Westerns aren’t your thing? Not to worry, Krafton also boasts first-class contact sports. In “The Staying Freight,” Winslow copes with guilt over the death of his son, and the chaotic effects of his own violent disposition, by having people pay to fight him. For the lucky would-be Krafton residents out there, this is a good sign: One man’s self-destructive tendencies keep the local economy flowing and provide an amazing spectacle all at the same time:
The crowds grew, and Ham cornered off a stage with chicken wire mounted with trouble lights. Winslow stood bare-chested in the harsh light. Ham, in an ill-fitting suit, a felt hat adorned with turkey feathers, rang a bell and shouted, ‘Our world’s turned polite, some might say dainty. We all know how things used to be, men uprooting trees with their hands and backs, women fighting off panthers with hairpins and a mother’s scorn. Those days are gone, my friends,’ and he paused, eyeing them all. ‘Yet you still got that rage inside you, don’t you? Don’t you? Well, that’s why you’re here. Who’ll start us at a hundred even?’
If that’s not quite enough to make you box up your stuff and rent a U-Haul, then rest assured that, should you decide to move to Krafton, town officials and the citizens alike take their civic responsibilities very seriously. Take Helen, Krafton’s sheriff and the protagonist of “Peacekeeper,” who worked in Freely’s General for ten years before being elected to office. When a teenage girl’s body is discovered in the woods, the sheriff is fast on the scene:
The girl’s toes dangled inches from the ground. She wore only shoes. Clunky black shoes with square heels. Her naked skin glowed white against the dusk. Her mouth hung open and what little light came through the saffron boughs gleamed in her braces. Helen took off her own coat. She tried throwing the jacket up over the girl’s shoulders, but it slid off and fell in a lump on the ground.
It was the girl. Jocelyn Dempsy, whom everyone called Jocey. She raced motorbikes on a dirt track by the old mill, played JV basketball as an eighth grader. She loved Moon Pies. Loved cherry cola. She’d come to the grocery and buy them, and Helen would watch her eat alone by the road and return the bottle for a nickel before riding off.
Heathcock’s choice of setting gives Volt the thin thread that holds these stories together. With “Fort Apache” taking place in 1948, and “Peacekeeper” set in the winter of 2008, the collection is a kind of longitudinal case study of a town and its citizens. Krafton has never had much to offer its people, but they’ve tried to make the best of it—at least until they’re suffocated by their own longing to get out.

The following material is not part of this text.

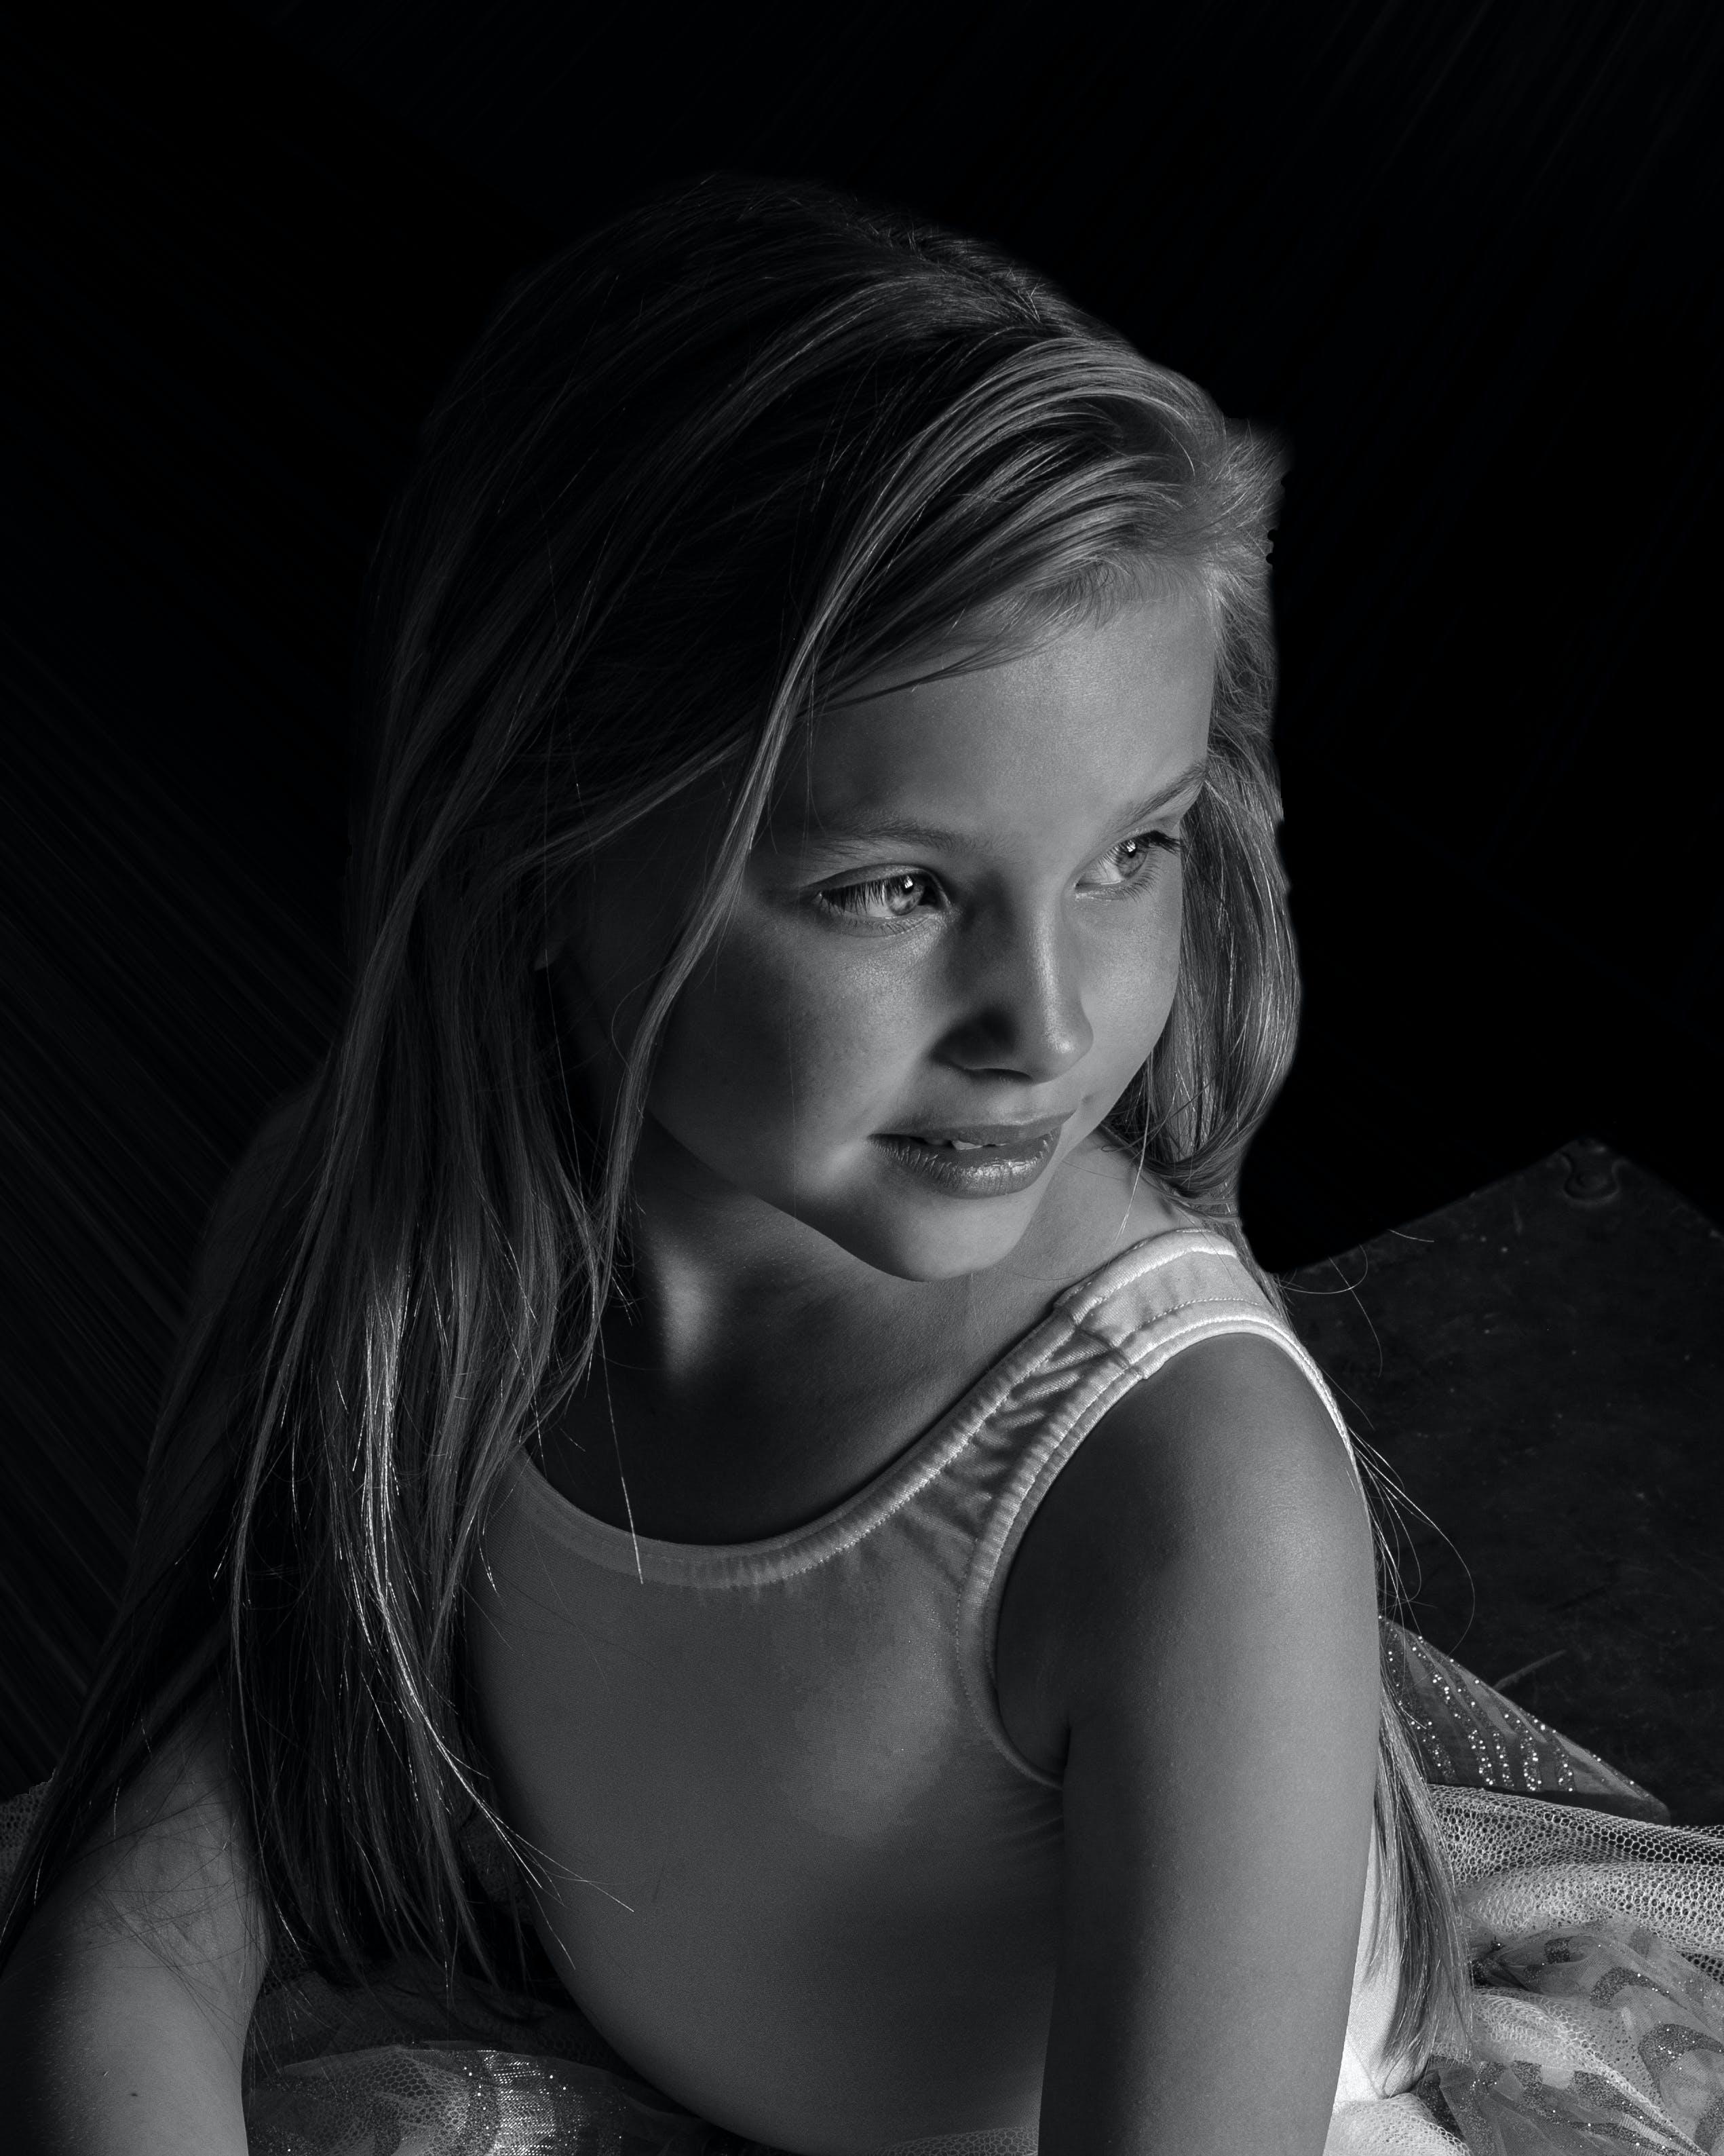 Grayscale Photo of Girl Wearing Leotard
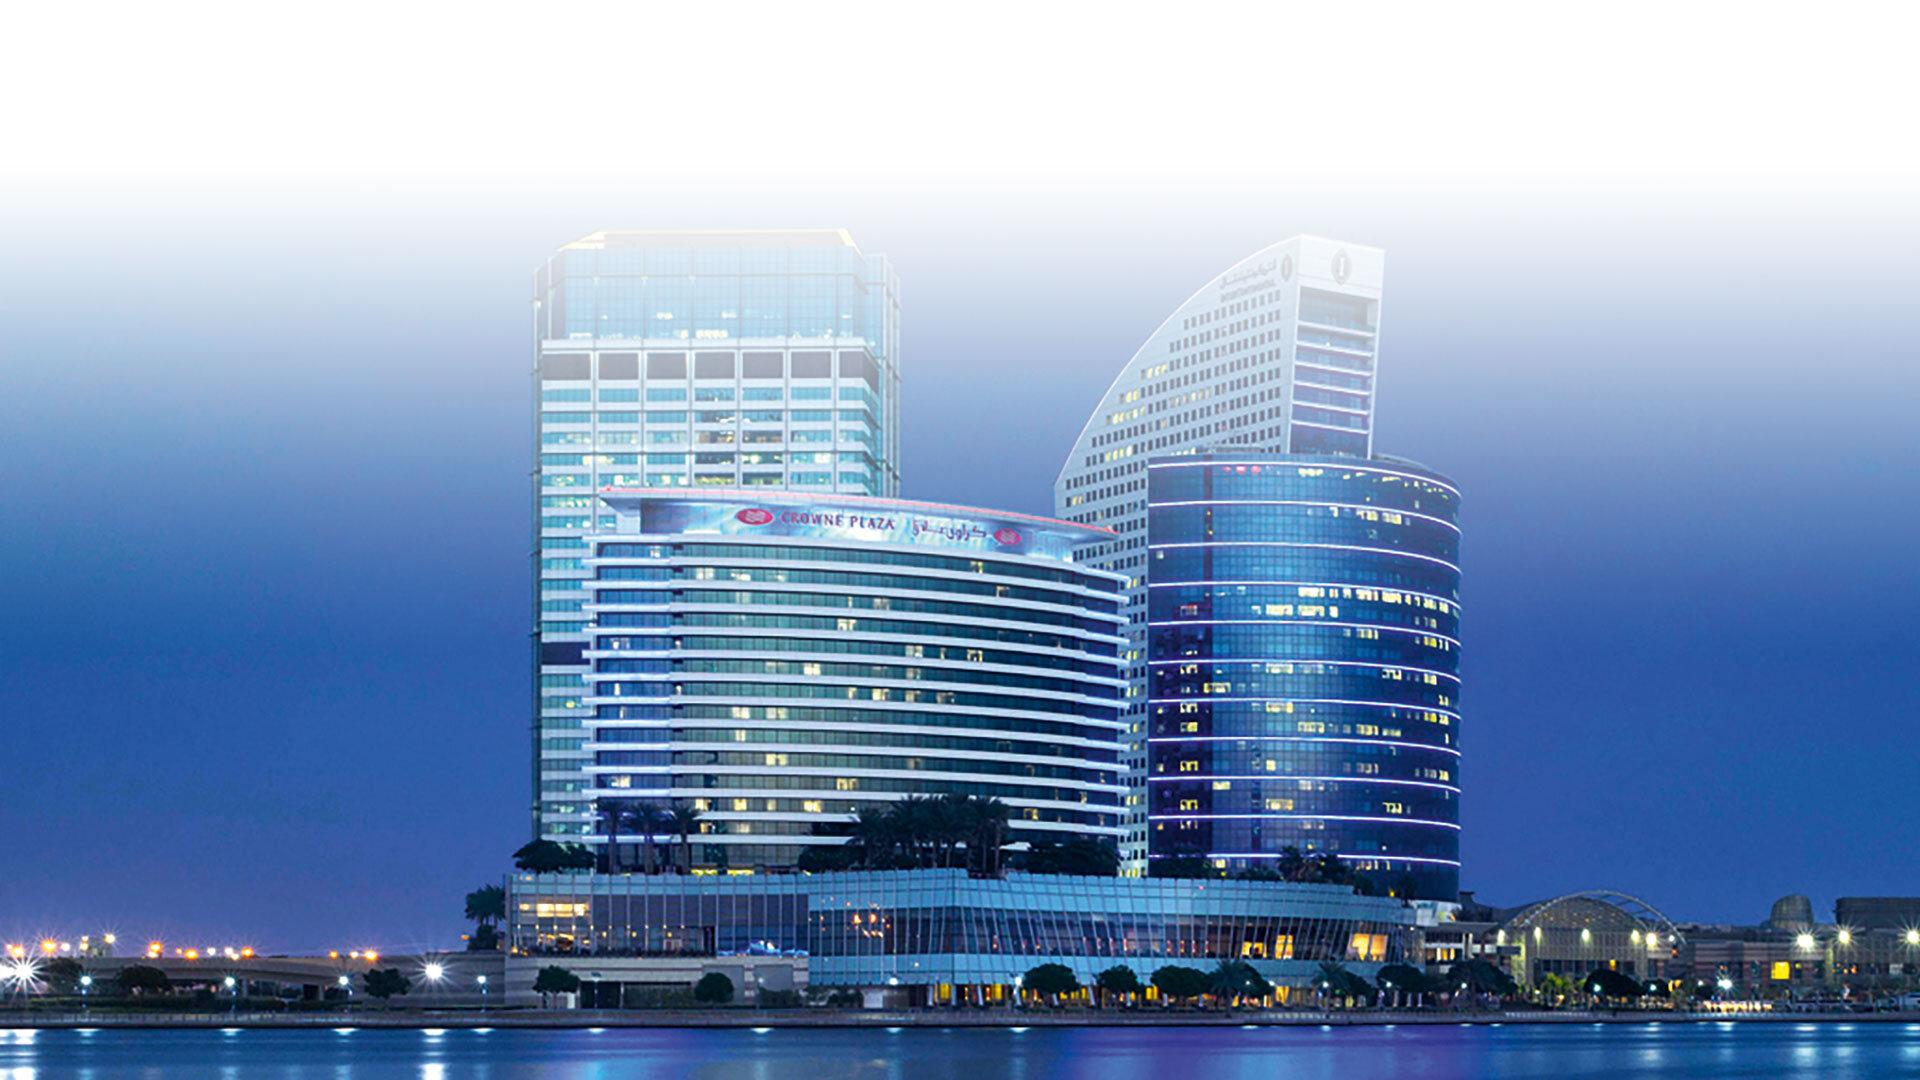 Hotel Crown Plaza Dubai

It’s decades of restlessness that have brought Krafton to its present state, and Volt is a chronicle of its implosion. Anyone who lives in a town like the one described here can appreciate Heathcock’s ability to define a place using singular, ill-fitting details that can be missed at first glance, but when revisited, show the promise of a life lived anywhere else. Sure, the world of these stories is bleak, but anyone from a place like Krafton will be reminded of how thankful they are that they’ve moved away.